Relationships were somewhat strained in the Vane household during the
next few weeks, the two elder members being banded together in an
unusual partnership to bring about the confusion of the younger.
"I can't understand what you are making such a fuss about. You'll have
to give in, in the end. You a poet, indeed! What next? If you would
come down to breakfast in time, and give over burning the gas till one
o'clock in the morning, it would be more to the point than writing silly
verses. I'd be ashamed to waste my time scribbling nonsense all day
long!" So cried Agnes, in Martha-like irritation, and Ronald turned his
eyes upon her with that deep, dreamy gaze which only added fuel to the
flame.
He was not angry with Agnes, who, as she herself truly said, "did not
understand." Out of the storm of her anger an inspiration had fluttered
towards him, like a crystal out of the surf. "The Worker and the
Dreamer"--he would make a poem out of that idea! Already the wonderful
inner vision pictured the scene--the poet sitting idle on the hillside,
the man of toil labouring in the heat and glare of the fields, casting
glances of scorn and impatience at the inert form.
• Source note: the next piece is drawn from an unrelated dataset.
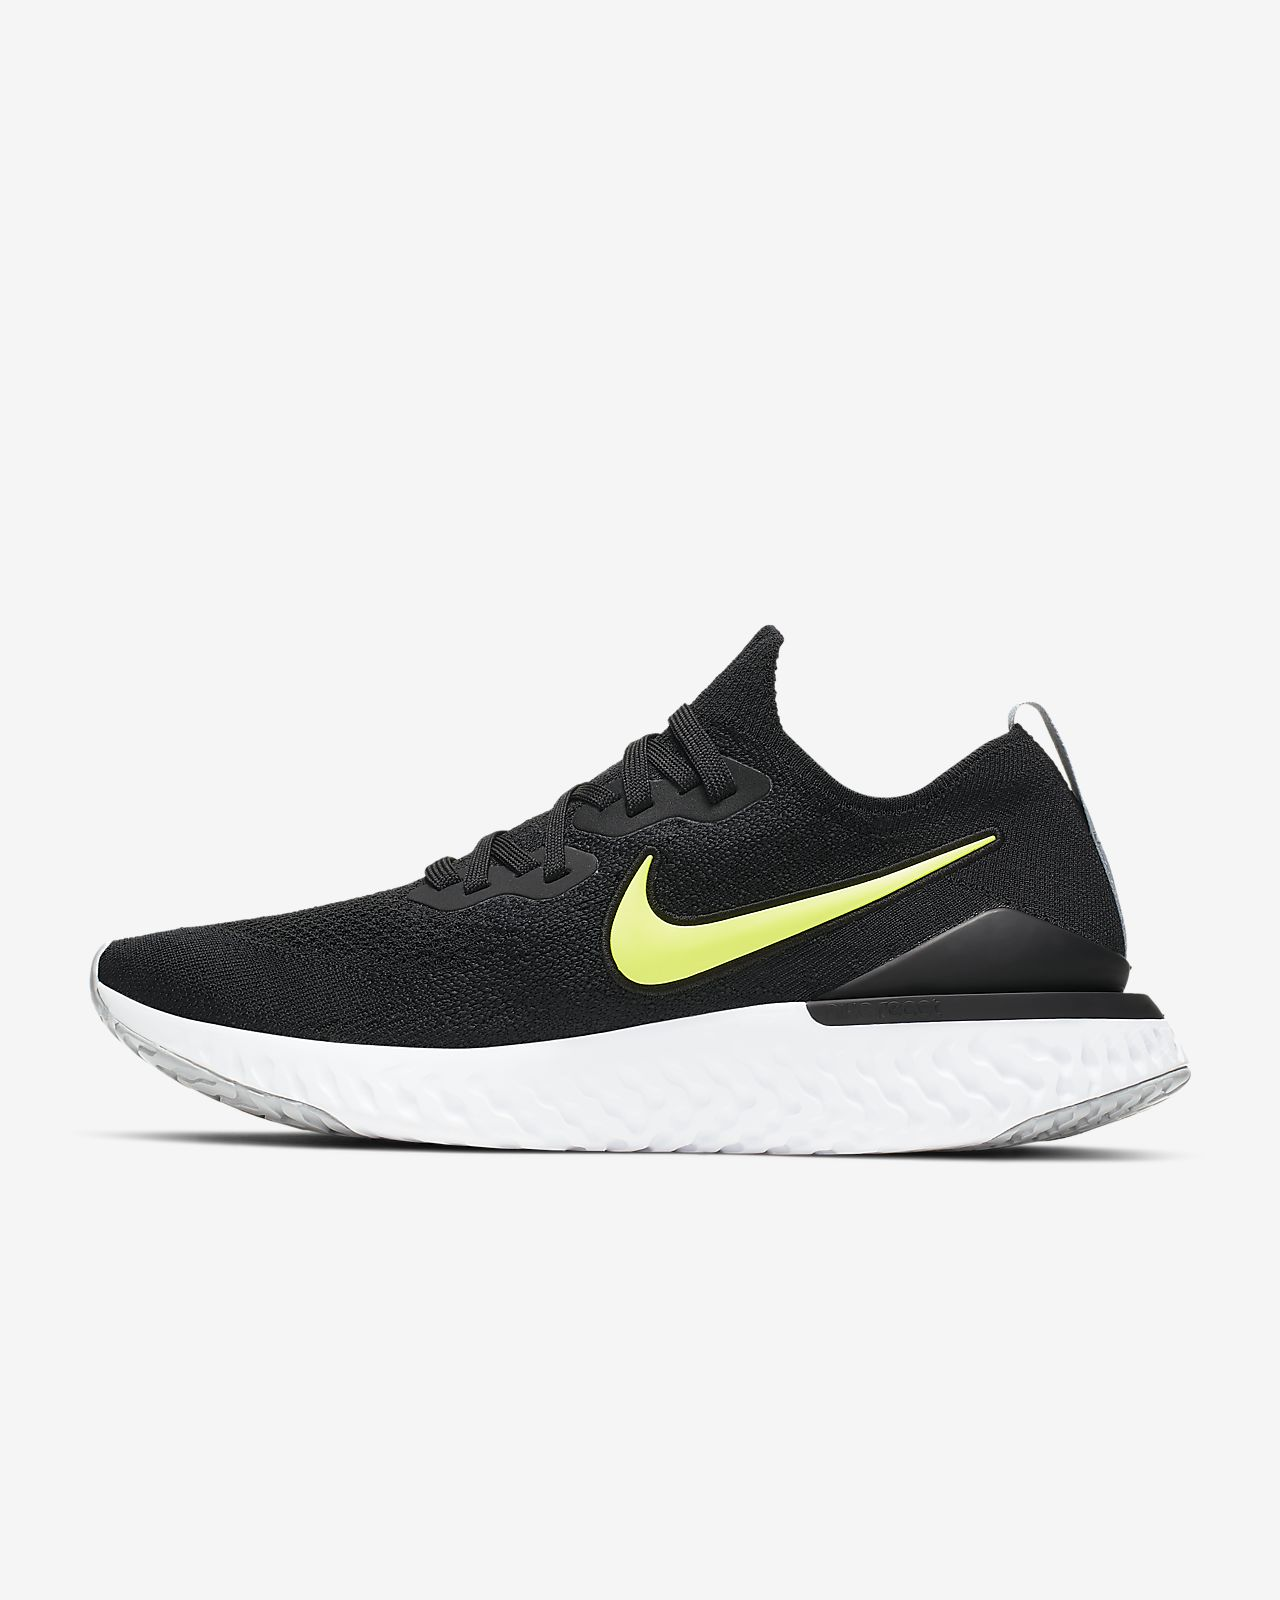 Tenis Nike React Flyknit 2

The lines began to
take shape in his brain.
"...And the worker worked from the misty dawn,
Till the east was golden and red;
But the dreamer's dream which he thought to scorn,
Lived on when they both were dead..."
"I asked him three times over if he would have another cup of coffee,
and he stared at me as if he were daft! I believe he is half daft at
times, and he will grow worse and worse, if Margot encourages him like
this!" Agnes announced to her father, on his weary return from City.